Notes about ELLIS + Qualcomm AI Research Workshop on GNN + HCML
Reading Group Session and Panel about Graph Neural Networks and Human-Centric Machine Learning by distinguished scientist from ELLIS and Qualcomm AI Research in which I was organizer and moderator.
Graph Neural Networks and Human-Centric ML intersection
- Speakers : Pim de Haan 1 , Manuel Gómez Rodríguez 2, Carlos Castillo 3 and Efstratios Gavves 4.

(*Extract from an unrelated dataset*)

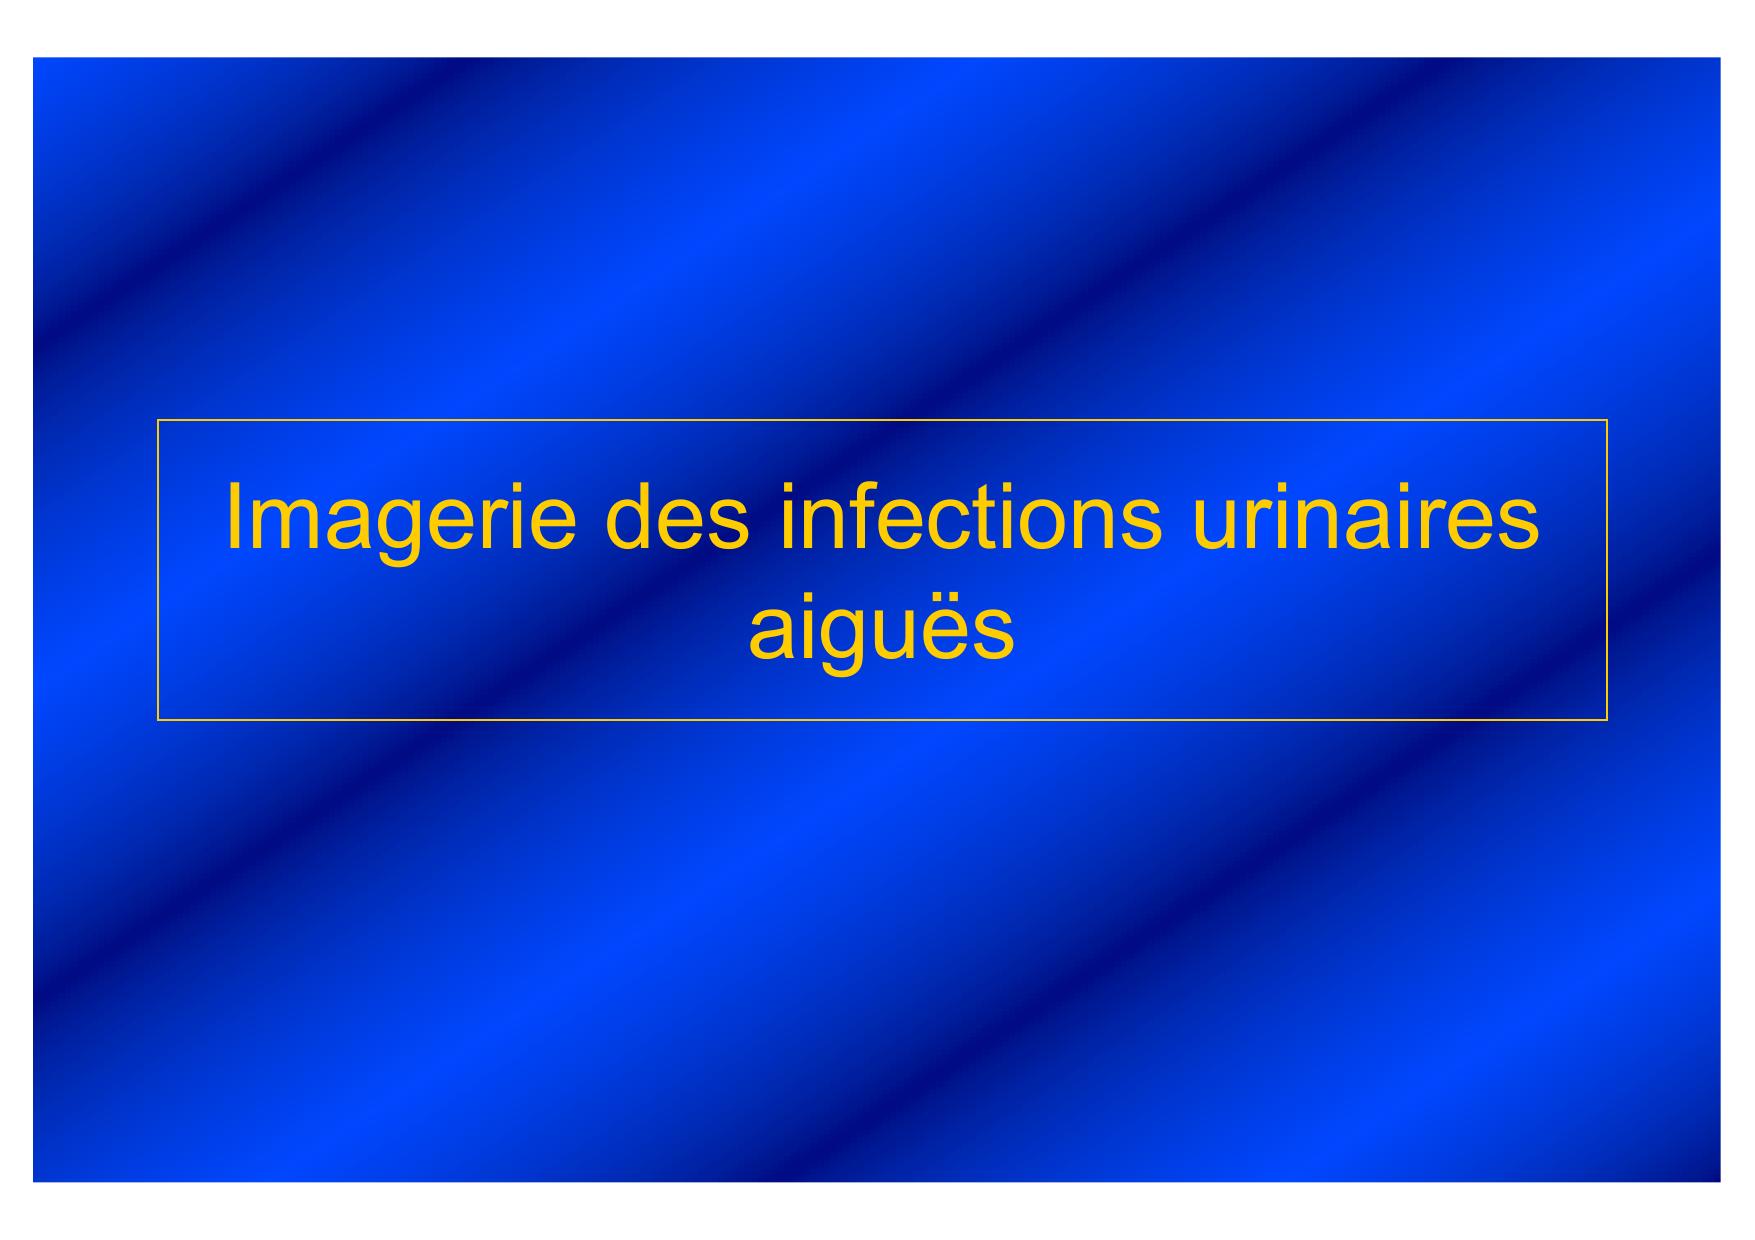 Imagerie des infections urinaires aiguës .PDF

- Moderator: Adrián Arnaiz Rodríguez
- Round table about the intersection of Graph Neural Networks and Human-Centric Machine Learning, with the participation of Pim de Hann, Manuel Gómez-Rodríguez, Carlos Castillo and Efstratios Gavves.
Table of Contents
GNN and HCML intersection
This relationship mainly arises from the fact that a lot of human interaction data is expressed as network structured data. Additionally, many advantages of GNNs, such as capturing complex structures between data or information flow, could lead to GNNs being an outstanding tool for addressing HCML problems. Therefore, the main goal is to leverage the whole landscape of GNN [2] to address Algorithmic Fairness problems [3] even with a causal approach [4]. In this intersection, some works has already been done [5, 6].
Research Round Table
Before the Panel, P. de Haan went through his paper Natural Graph Networks[1].
After kicking-off the panel, we went through the discussion about the intersection of HCML and GNN, with the participation of leading experts in Algorithmic Fairness and Graph Neural Networks. We started by trying to relate Pim’s work to an HCML problem or solution. First, we came across the fact that his approach could harm minorities in social networks. As their work detects neighbor isomorphy and applies the same transformation to isomorphic neighborhoods, there could be problems with unseen types of neighborhoods, who may be social minorities. On the other hand, if the social minorities are in different part of the graphs, this social minority could be identified by the algorithm as isomorphic communities, creating an optimized kernel for them, so further research would shed light on the social implications of Natural Graph Networks.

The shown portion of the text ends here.